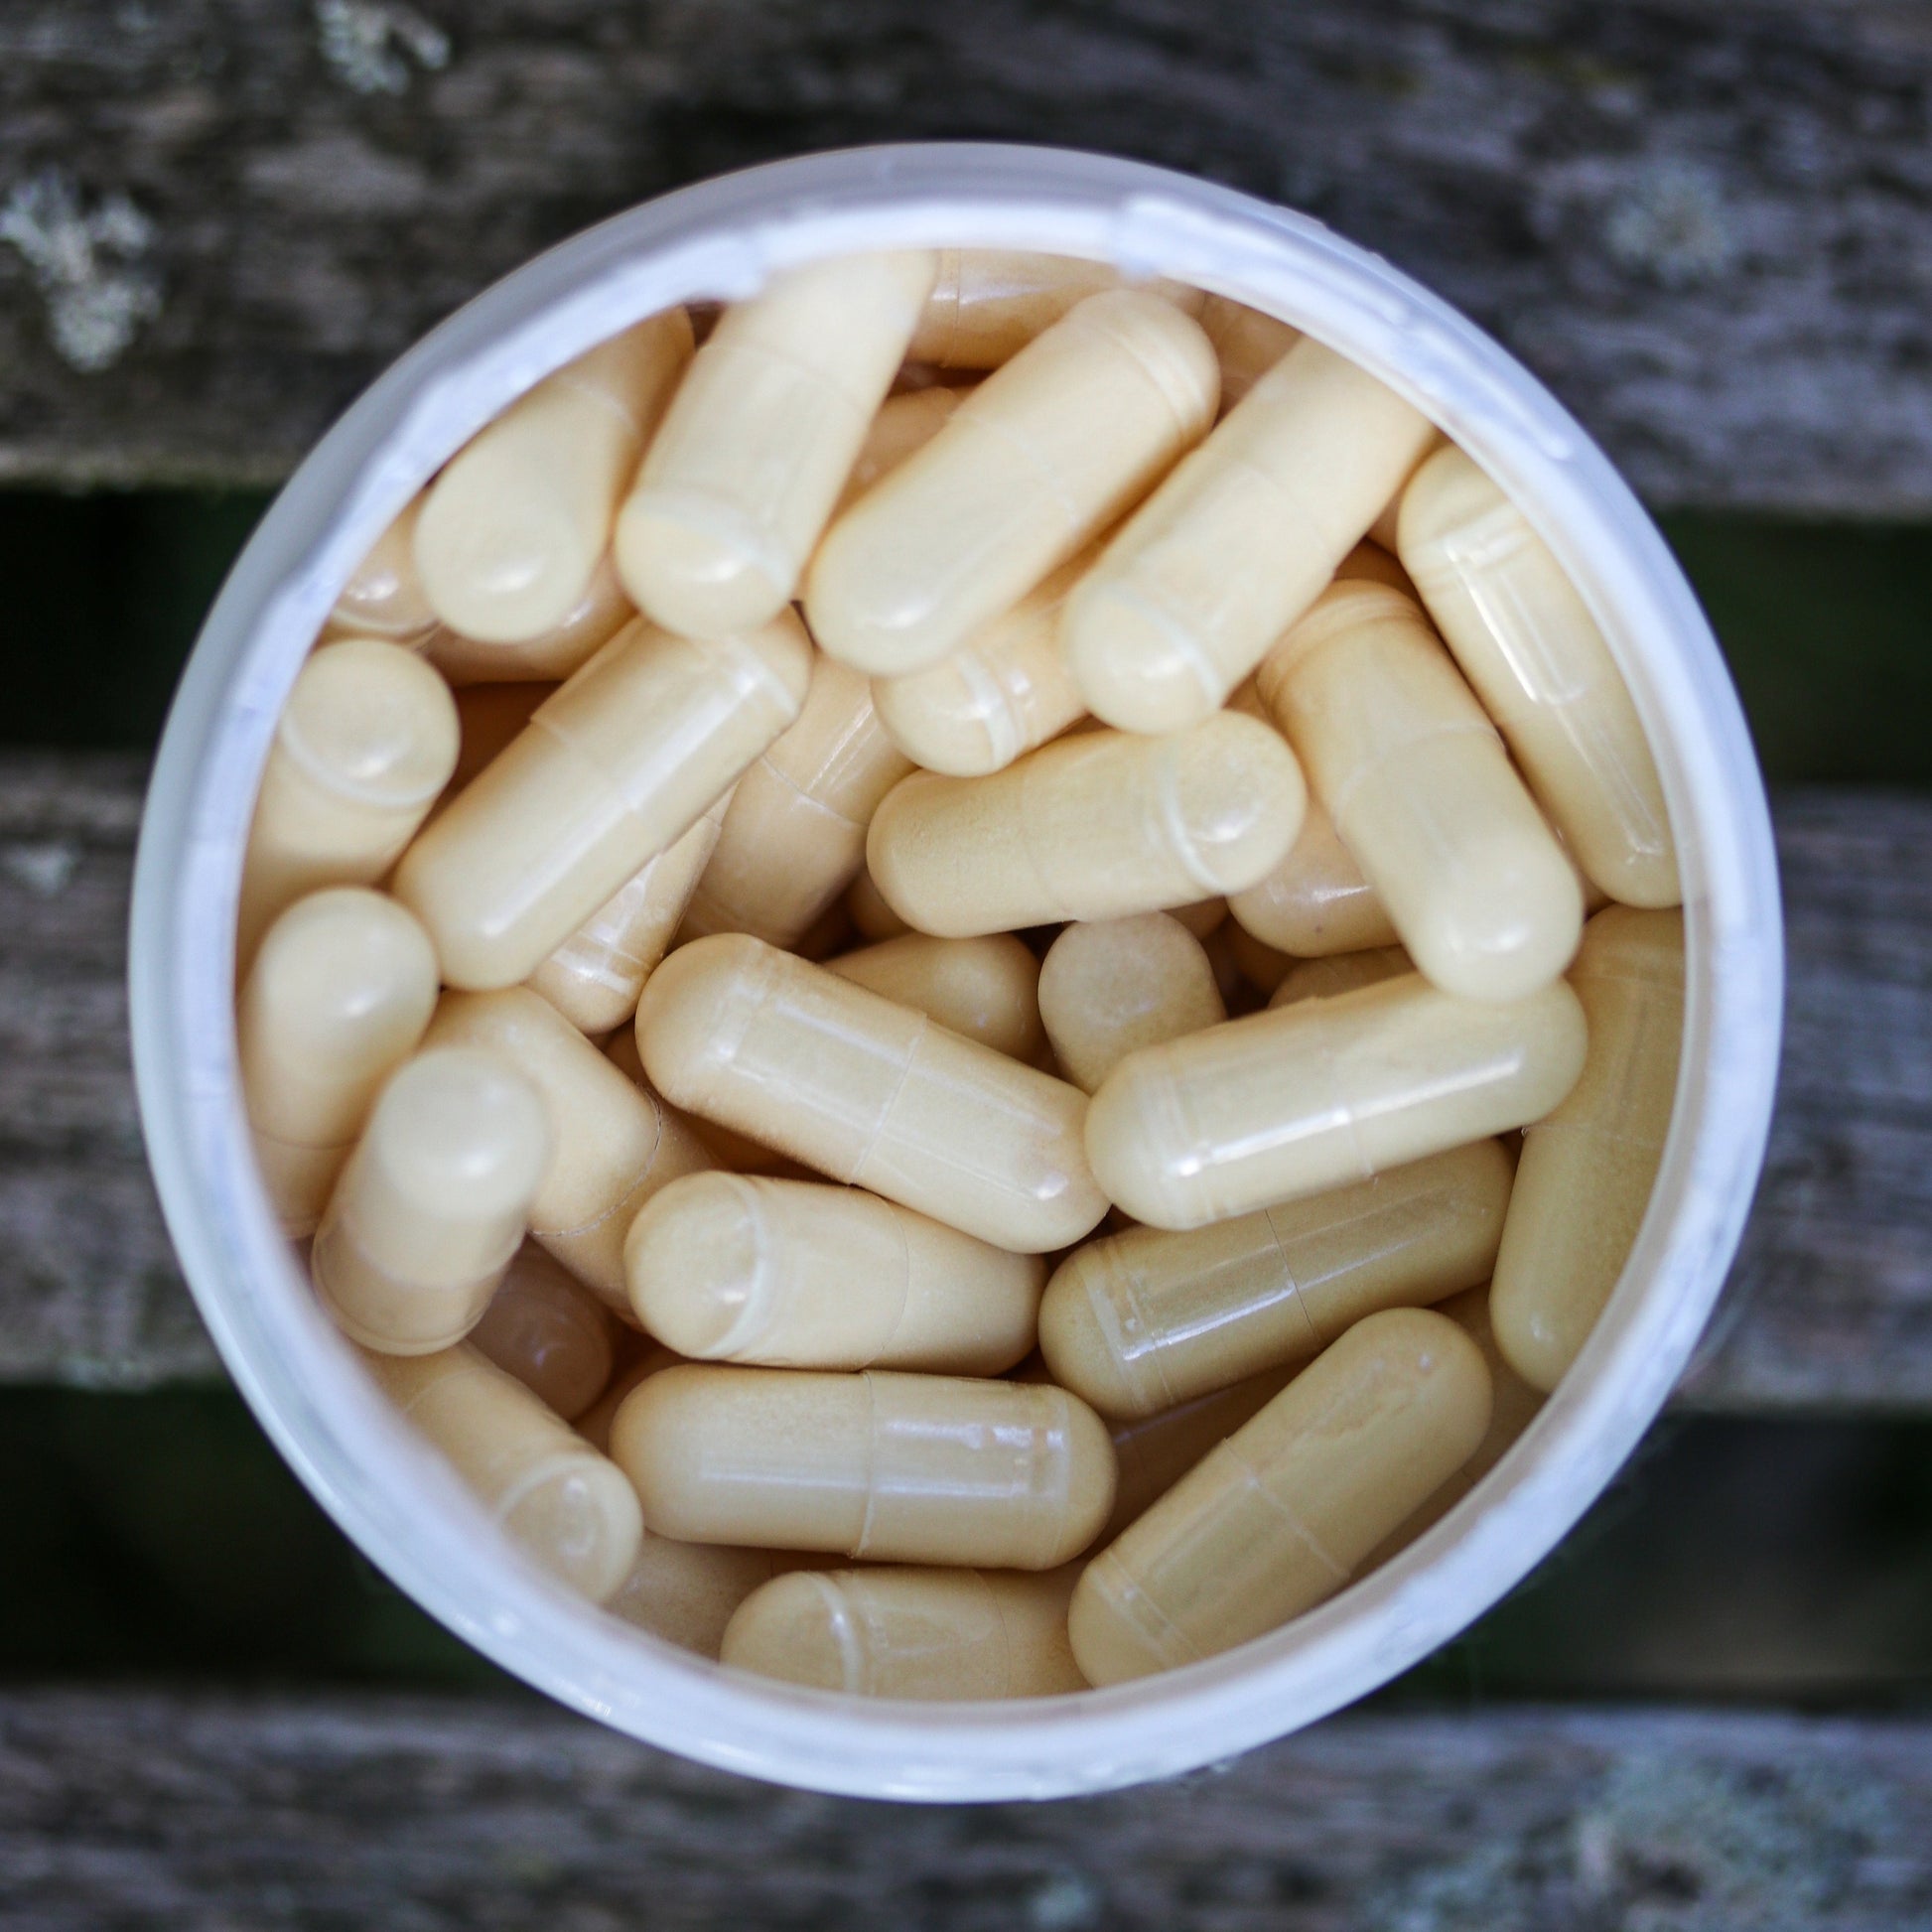 Capsules of powdered omega 3 fish oil by Pawsomely Healthy 
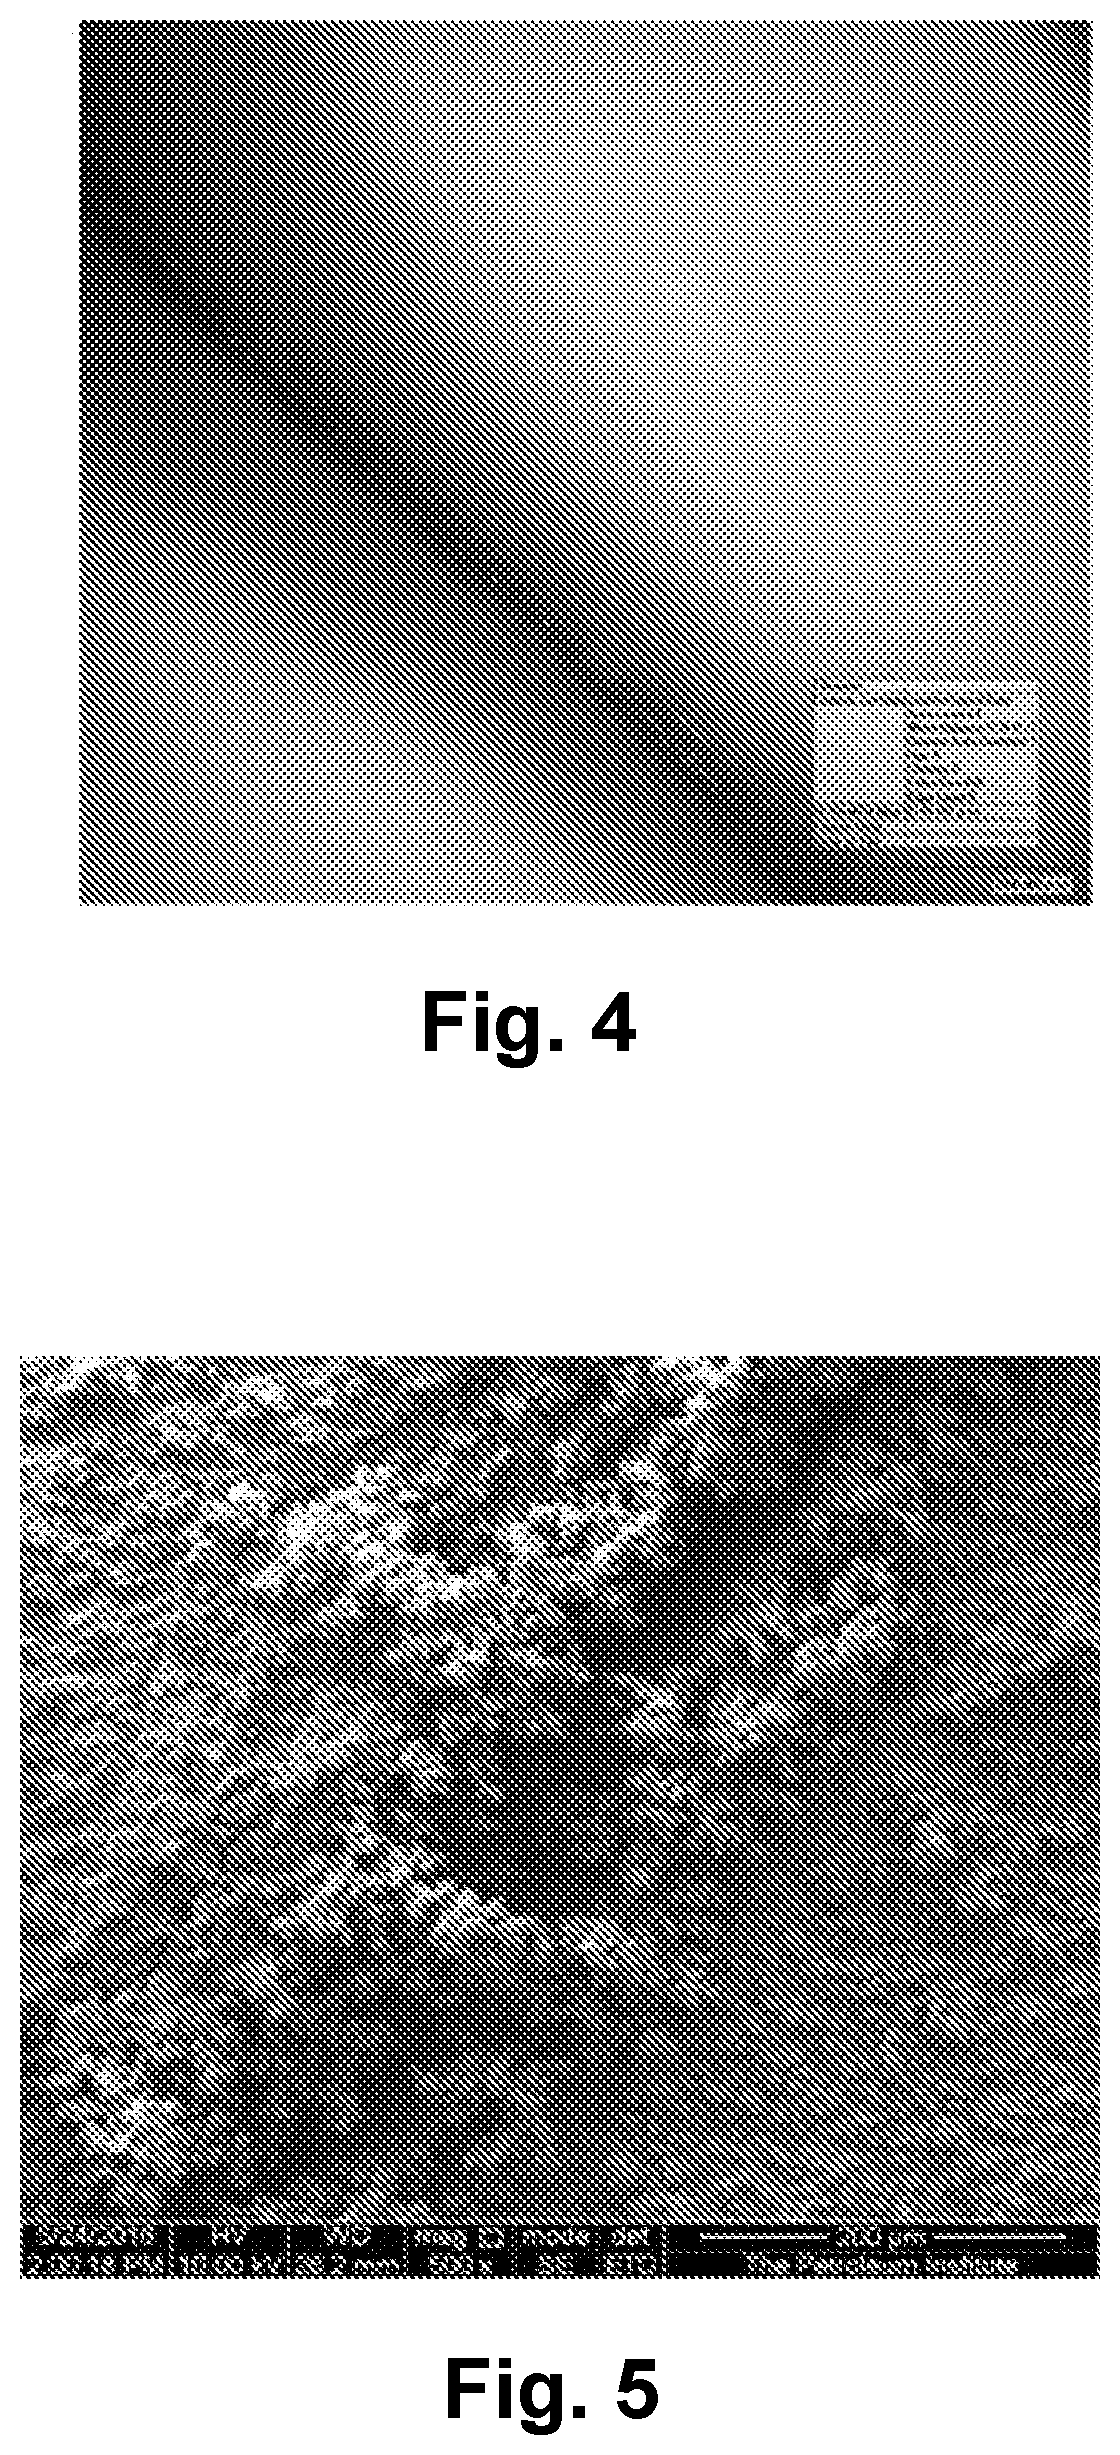 Mesoporous carbon based nanocontainer coatings for corrosion protection of metal structures
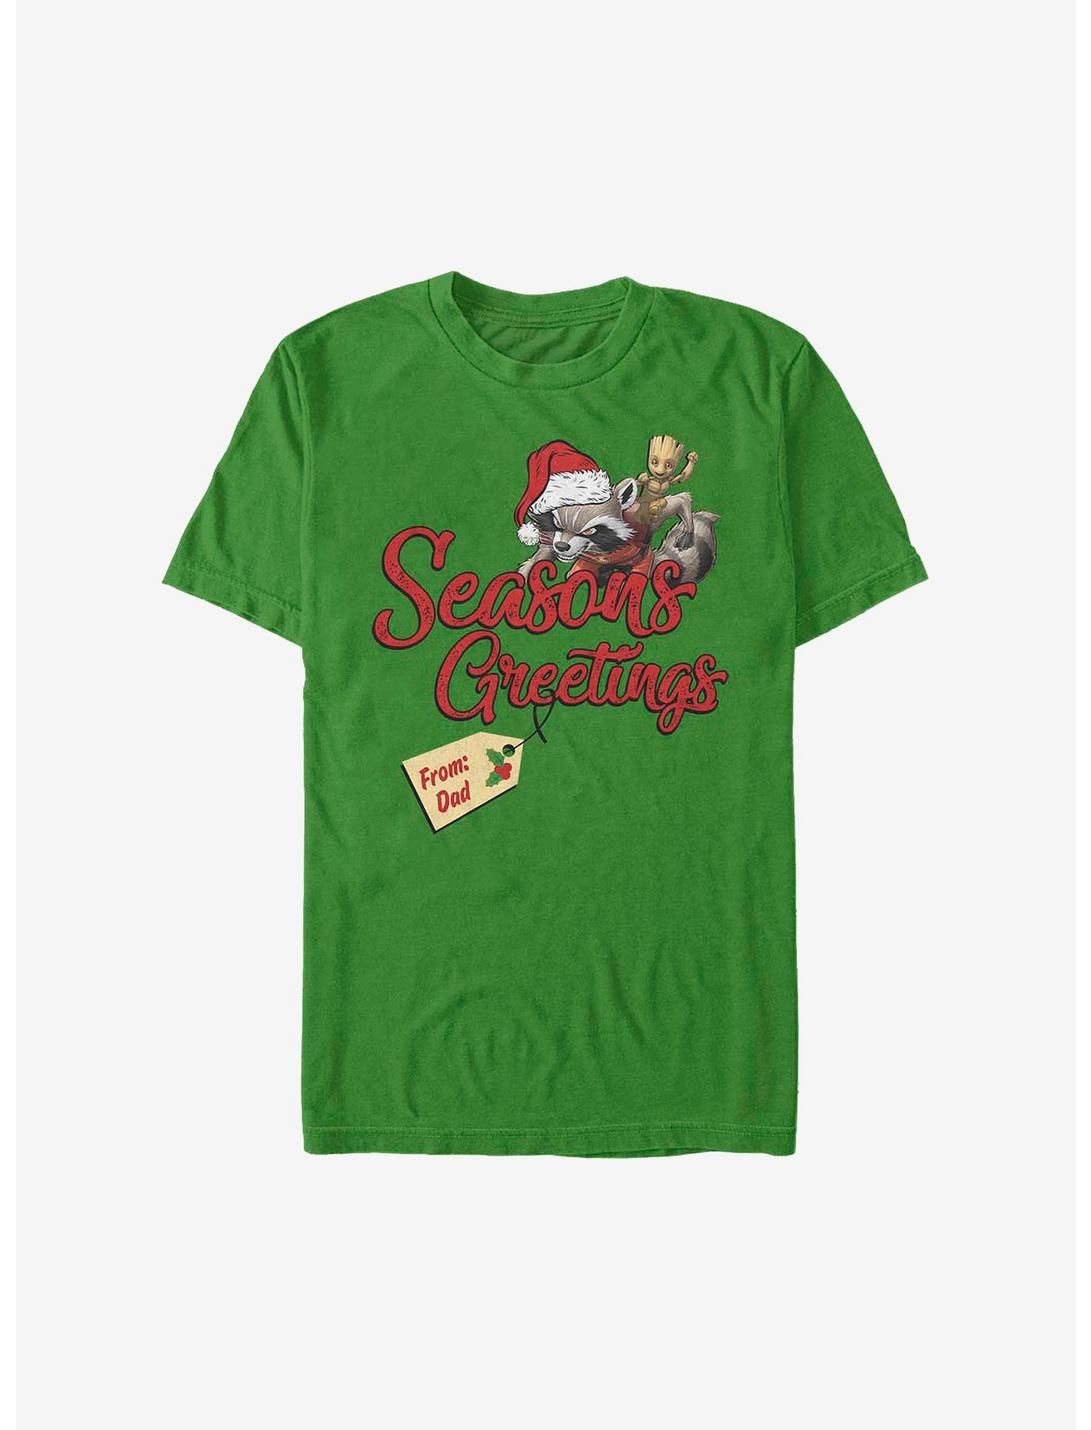 Marvel Guardians Of The Galaxy Seasons Greetings From Dad Holiday T-Shirt, KELLY, hi-res
----------------------------------------
• INSTRUCTIONS TO FOLLOW: Every line of the listing should be copied precisely, with images omitted.

• EXERCISE SOLUTION:
 Capsules of powdered omega 3 fish oil by Pawsomely Healthy 
 Mesoporous carbon based nanocontainer coatings for corrosion protection of metal structures
 Marvel Guardians Of The Galaxy Seasons Greetings From Dad Holiday T-Shirt, KELLY, hi-res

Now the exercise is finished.